Truth is, there are various thoughts on how real addiction is. The way I see it, it is totally fightable. It is not a disease, it is a personality flaw. Once you notice that you regain some agency. People who’ve done it all their lives find the strength to quit. I’ve found that I do care a bit too much to keep it up. I’m not like a cool guy in a movie. I’m not one of the different people who live to a hundred years old on rare steak and sniffing whiteboard pens. Chances are good that I’m just as fragile as 99% of the rest of this planet and therefore I made a deal.

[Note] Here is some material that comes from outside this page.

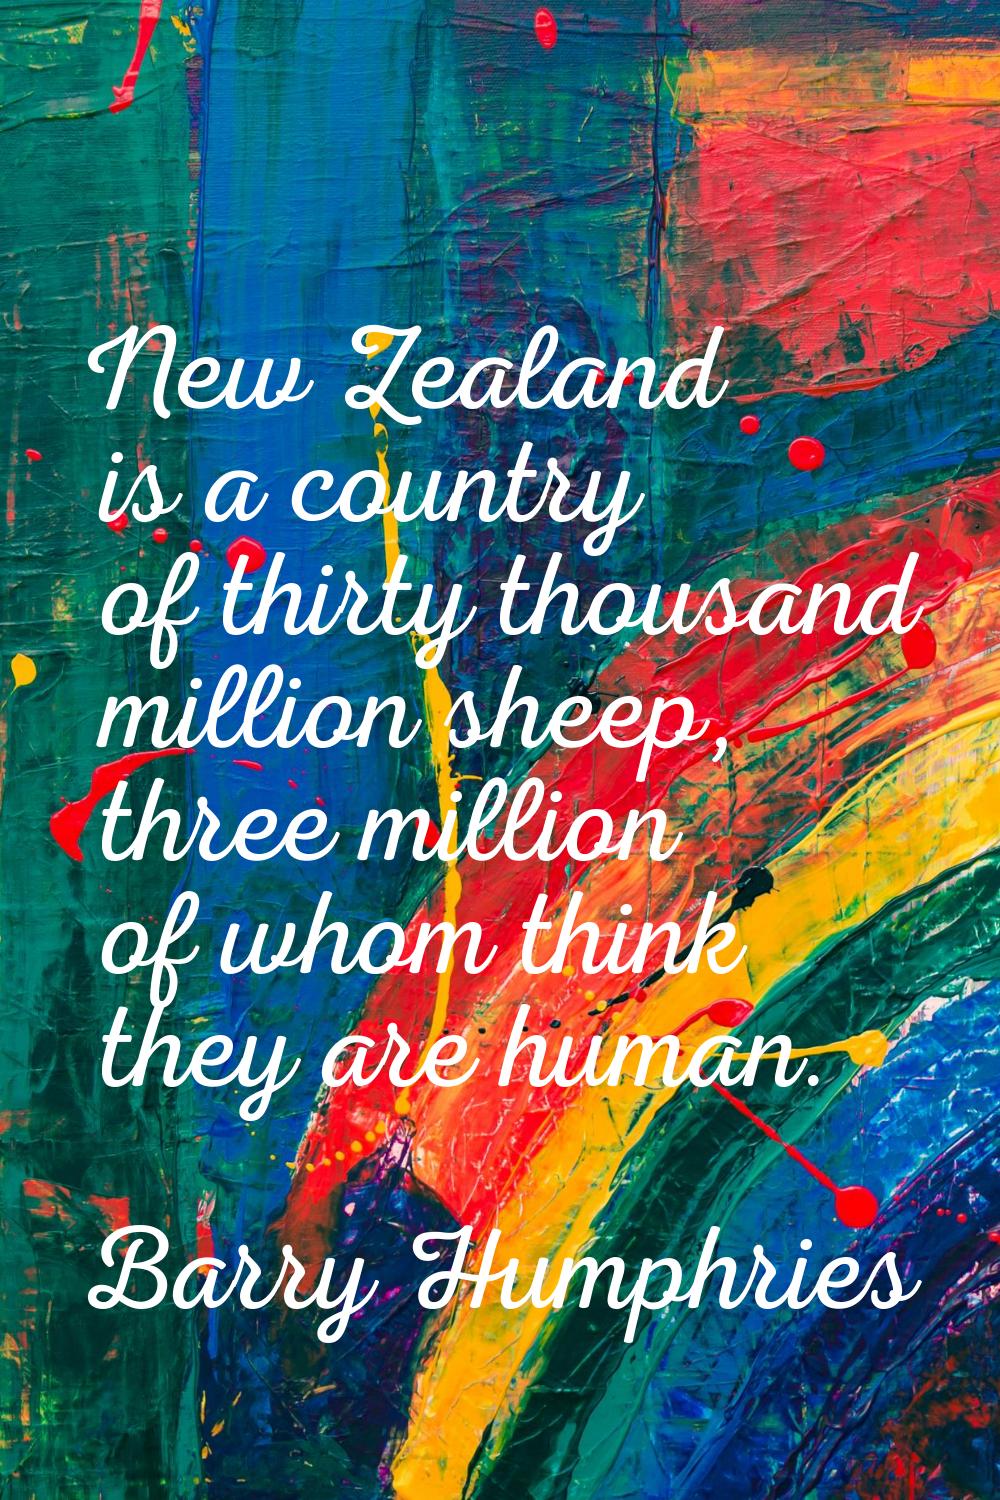 New Zealand is a country of thirty thousand million sheep, three million of whom think they are hum

The cigarette voice keeps it down and stops shouting and whimpering and I throw it the occasional. I always preferred it more as a social thing anyway. Sometimes you just need a good excuse to go outside and get a few minutes away from everything. Sometimes it’s good to get away from a 15-person conversation and break off to chat with a couple of people. The negotiation with the cigarette voice has been difficult and fraught with breaches. At least I know that I’ve beaten it down to about 1 or 2 a day on average. With the occasional ‘extinction burst’ where I get a whole pack and tan it in an evening.

I’ve tried to be honest here. Truth is, cigarette smoking is this crazy thing that I think everyone who does it hates, loves, and hates in equal measure. That’s definitely how I feel about it. On the one hand, it made me get out more and got me into loads of conversations I’d never have had otherwise, on the other I have sometimes spent a ridiculous amount of my monthly earnings on it with no lasting effect. It is the definition of consumptive. It’s good that it gives me something to do in my free time, everybody needs an occupation, but it’s bad because I could be doing almost anything more productive with the time. It’s nice that it provides milestones of the passing day: wake up, cigarette, breakfast, cigarette, going to work, cigarette, at work for four hours before coffee break, cigarette, back to work until lunch, cigarette, finish day, cigarette, pub with the colleagues, cigarette cigarette cigarette cigarette, home, cigarette, dinner, cigarette, sex, cigarette, Netflix, cigarette. On the other hand that’s an insane way to measure time, and that’s on a below average day. It’s terrible, it’s great, it’s terrible.

In conclusion, the writer of this piece cannot be held accountable for any desire to try tobacco. In fact I’d say it’s a pretty bad idea, hence why I’m cutting down and fairly happy with the result. Then again, can non-smokers try not being dicks about it because it’s really very unhelpful when you make out like having one of them ever will make you into some kind of degenerate. Nothing has that much power unless you give it that much power and claiming it has some insane amount of power makes it seem irresistible. It’s my dirty little occasional habit. It’s kind of gross yet kind of sexy but mostly awful.

Just to reiterate the message we all must stick to with my own flair: If you don’t smoke; don’t start. If you do it occasionally; probably best to keep it limited. If you smoke hundreds a day; hope you have fun with it but maybe eat some fruit from time to time.

Seriously, apparently eating carrots stops lung cancer. Maybe take it with a pinch of salt.